Ocean Cleanup project removes 55 tonnes of plastic from the ocean


The Ocean Cleanup project has been busy over the past six weeks, arriving in Victoria to drop off 55 tonnes of plastic hauled out of the ocean.

The two ships docked at Ogden Point are part of a massive project that all started when then-16-year-old Boyan Slat was scuba diving in Greece and was surprised to see more plastic than fish. This made him wonder why we don’t just clean up the plastic.

Flash forward to today, the cleanup project is now successfully doing test runs while trying to clean up the great Pacific garbage patch, which is a surface twice the size of Texas.

The communications director for the Ocean Cleanup project, Joost Dubys, says the way they are collecting the plastic is the first of its kind.

“It’s a very shallow skimmer that goes into the ocean, and at the end of the U-shape, there is a collection bag. We call it a retention zone. You can put three Greyhound buses in there right now. It’s massive,” said Dubys.
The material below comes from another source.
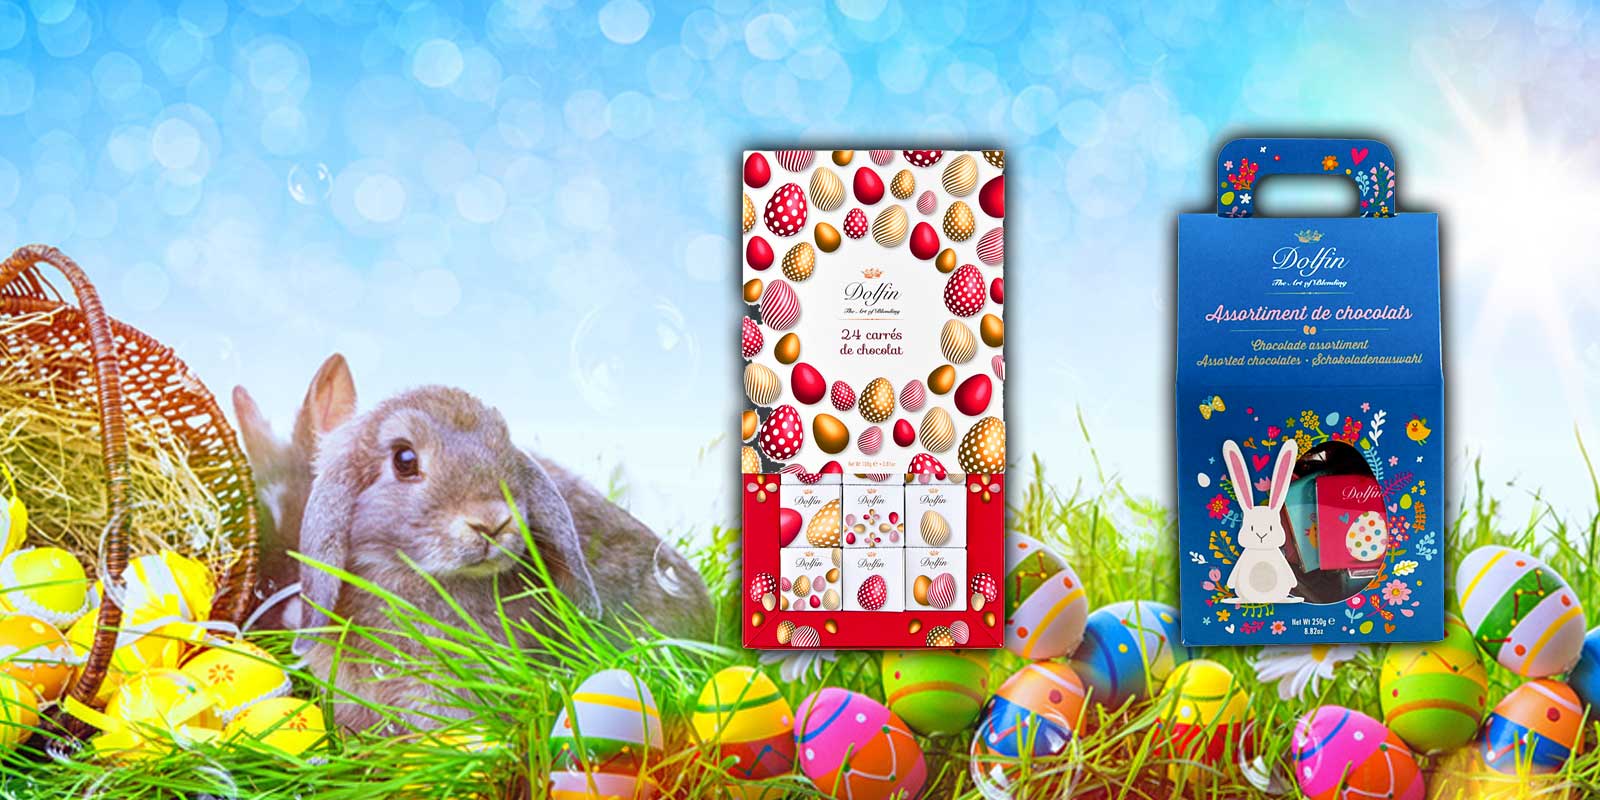 Pasqua Aqui trobareu una seleccio de xocolata de sorpreses de Pasqua de Venchi, Caffarel, Peters Pralinen i Majani

With these types of nets in the water, 1.5 miles of distance between both boats holding the net can accumulate a large amount of plastic quickly. After three days of trolling, workers take it out, put it on deck and throw the nets back in. Each haul can amount anywhere from 10 to 15 tonnes.

It takes dozens of people on the boats to make this cleanup work efficiently. Flemming Anderson, a leader in the project, is trying to help clean the planet for the next generation.
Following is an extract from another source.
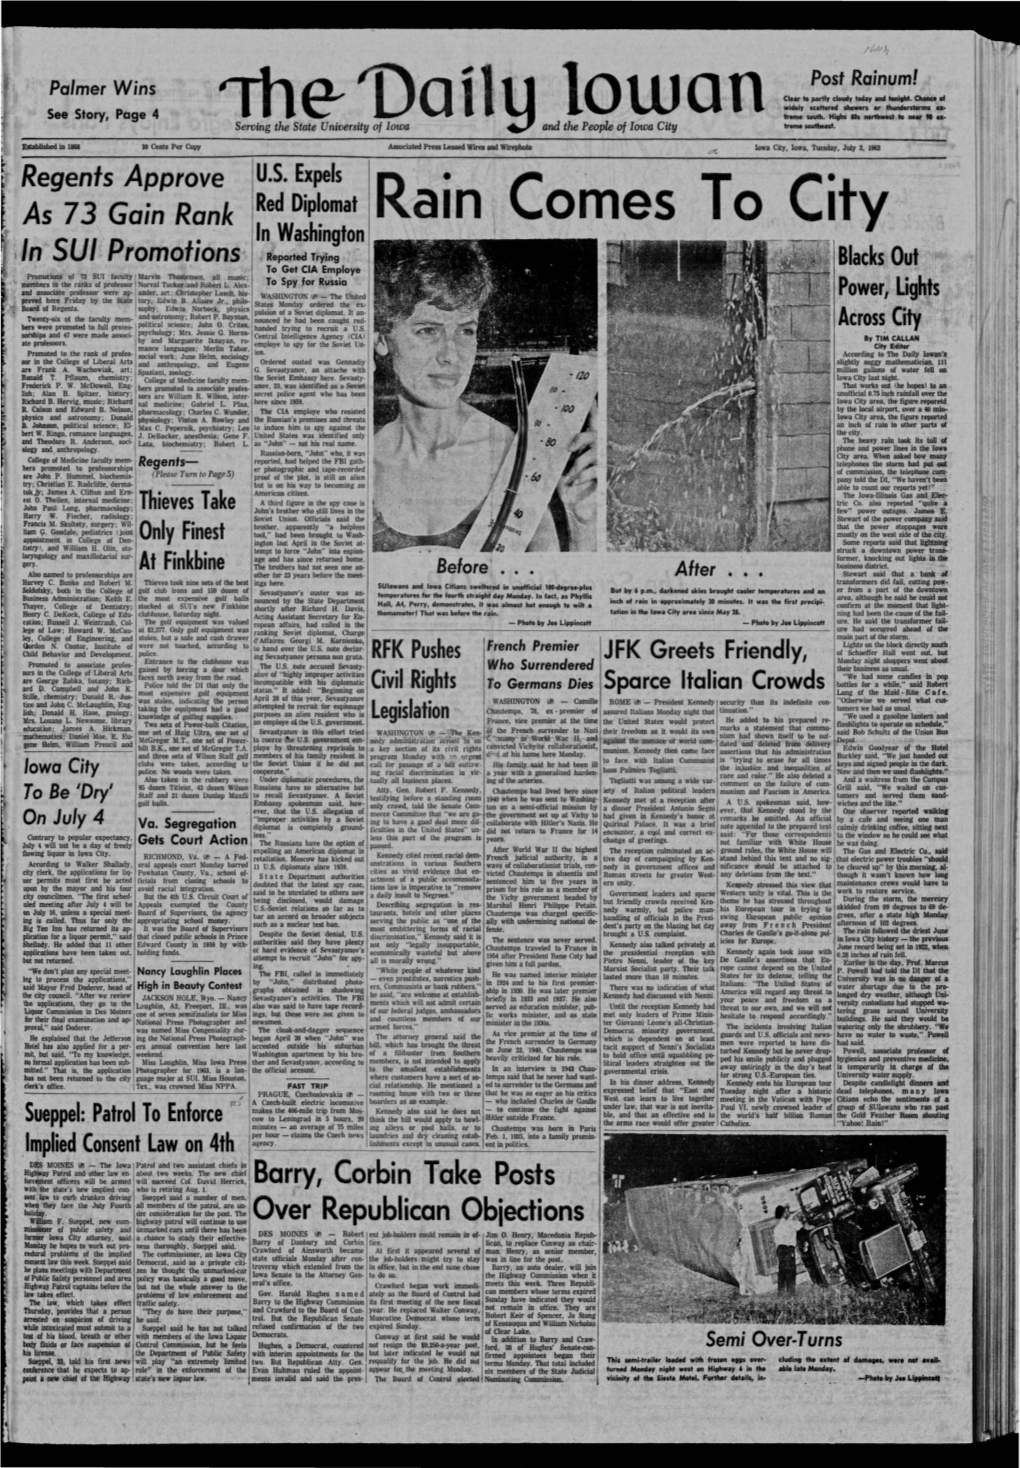 Daily Iowan (Iowa City, Iowa), 1963-07-02

“I am happy about this because I am an old guy. I can do something about the legacy to my grandchildren, so that’s actually why I am doing it. I am happy, I am proud of that,” said Anderson.

Ocean Cleanup is also trying to stop further plastic from getting to the ocean by blocking plastic at the mouths of several rivers.

The project is hoping in the next year to scale up its operations and eliminate 90 per cent of the ocean’s plastic by 2040.